In a defiant speech at the Stockholm ceremony, Matviichuk said: “Fighting for peace does not mean yielding to pressure of the aggressor, it means protecting people from its cruelty.
“Peace cannot be reached by a country under attack laying down its arms. This would not be peace, but occupation.”
She called the conflict in Ukraine “genocidal” and said that “if Ukraine stops resistance, there will be no more us”.
Matviichuk, of Ukraine’s Centre for Civil Liberties, was named a co-winner of the 2022 peace prize in October along with Russian human rights group Memorial and Ales Bialiatski, head of the Belarusian rights group Viasna.
She repeated her earlier call for Putin — and Belarus’s authoritarian President Alexander Lukashenko, who hosted Russian troops for the invasion of Ukraine — to face an international tribunal.
“We have to prove that the rule of law does work, and justice does exist, even if they are delayed,” she said.
Eight years ago Matviichuk met then-US Vice President JOe Biden when he visited Ukraine, to demand help for her country.
In March, she told The Sunday Post, saying: “He asked what could the United States do to help Ukraine.
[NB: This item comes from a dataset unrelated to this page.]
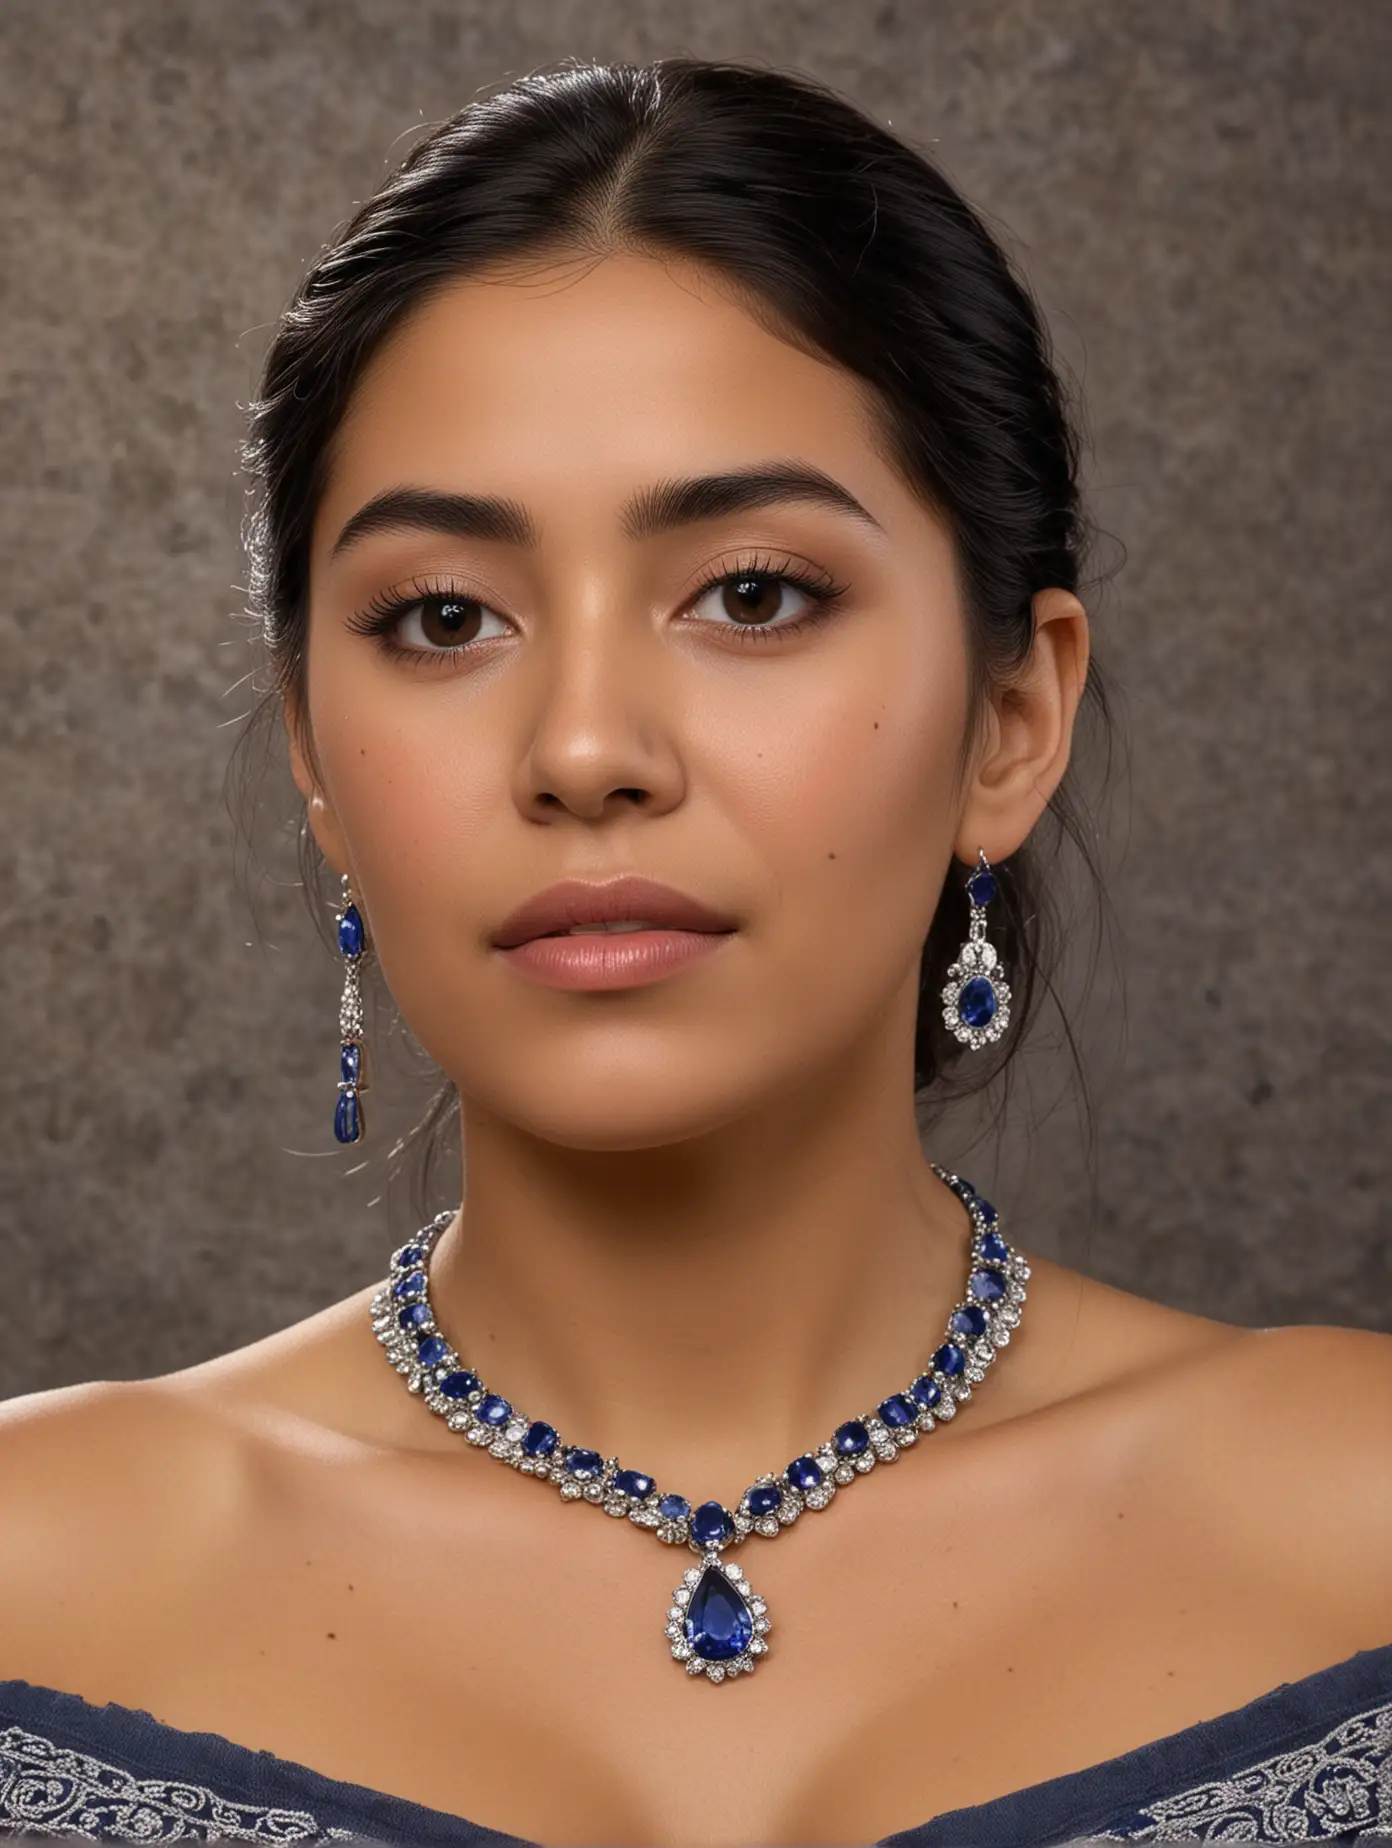 Elegant Mexican Woman Wearing Sapphire Necklace

What did I tell him? I told him: “Give us weapons.”
Bialiatski, who is jailed in Belarus pending his trial and faces a prison sentence of up to 12 years, was not allowed to send his speech. He shared a few thoughts from jail and his wife, Natallia Pinchuk, spoke on his behalf at the award ceremony in Stockhoilm.
“In my homeland, the entirety of Belarus is in a prison,” Bialiatski said in the remarks delivered by Pinchuk — in reference to a sweeping crackdown on the opposition after massive protests against a fraud-tainted vote in August 2022 which Lukashenko used to extend his rule.
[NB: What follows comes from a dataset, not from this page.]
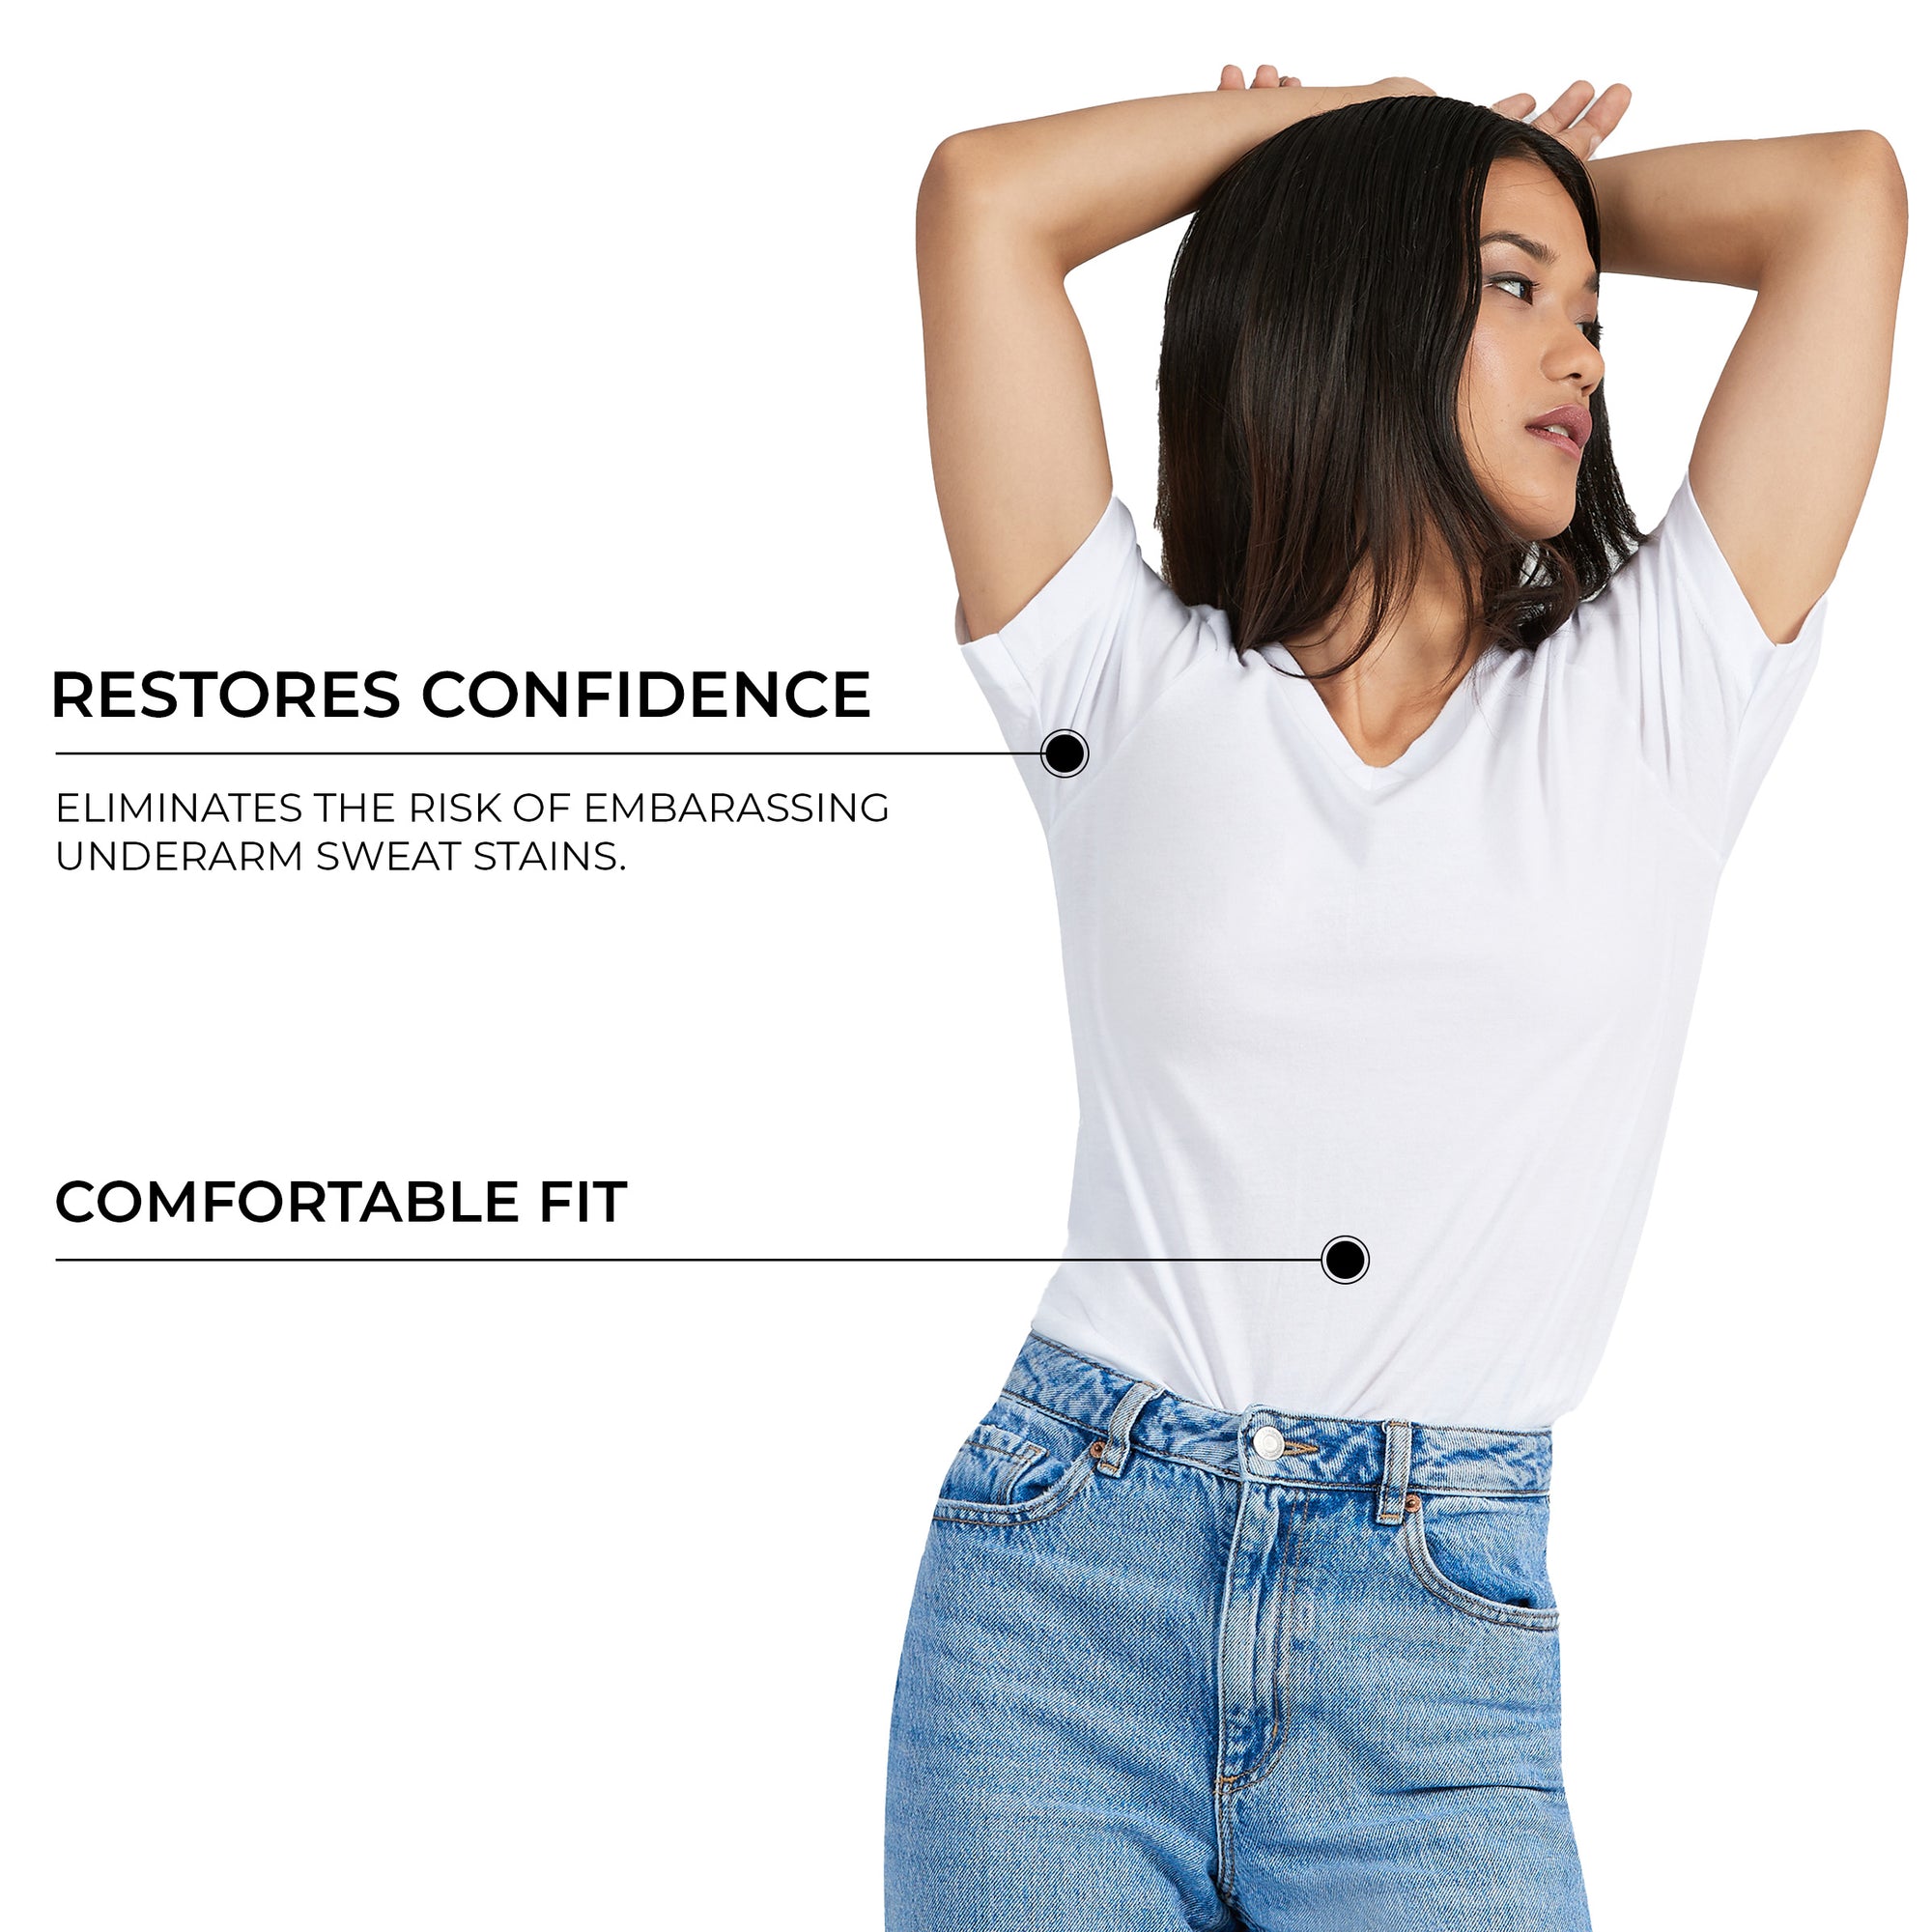 Sweat proof undershirts restore confidence and fit comfortably. | Social Citizen

“This award belongs to all my human rights defender friends, all civic activists, tens of thousands of Belarusians who have gone through beatings, torture, arrests, prison.”
He is the fourth person in the 121-year history of the Nobel Prizes to receive the award while in prison or detention.
Russia’s Supreme Court shut down Memorial, one of Russia’s oldest and most prominent human rights organisations which was widely acclaimed for its studies of political repression in the Soviet Union, in December 2021.
Jan Rachinsky of Memorial said in his speech: “Today’s sad state of civil society in Russia is a direct consequence of its unresolved past.”
He denounced the Kremlin’s attempts to denigrate the history, statehood and independence of Ukraine and other ex-Soviet nations, saying it “became the ideological justification for the insane and criminal war of aggression against Ukraine”.
“One of the first victims of this madness was the historical memory of Russia itself,” Rachinsky said. “Now, the Russian mass media refer to the unprovoked armed invasion of a neighbouring country, the annexation of territories, terror against civilians in the occupied areas, and war crimes as justified by the need to fight fascism.”
Meanwhile Boris Johnson has urged western countries to “look urgently” at what more they can do to support Ukraine in the hopes of ending the war against Russia as soon as next year.
The former prime minister, who was hailed by Ukrainian President Volodymyr Zelensky as a key ally in the country’s fight against Russia, used an article in the Wall Street Journal to argue that ending the war as soon as possible is “in everyone’s interest, including Russia”.
He said that while the significant financial commitment to Ukraine is “painful” during a period of budgetary constraints, “time is money, and the longer this goes on the more we will all end up paying in military support”.
The former prime minister wrote: “There is no land-for-peace deal to be done, even if Mr Putin were offering it and even if he were to be trusted, which he is not.
“Since the war can end only one way, the question is how fast we get to the inevitable conclusion.
“It’s in everyone’s interest, including Russia’s, that the curtain comes down as soon as possible on Mr Putin’s misadventure. Not in 2025, not in 2024, but in 2023.”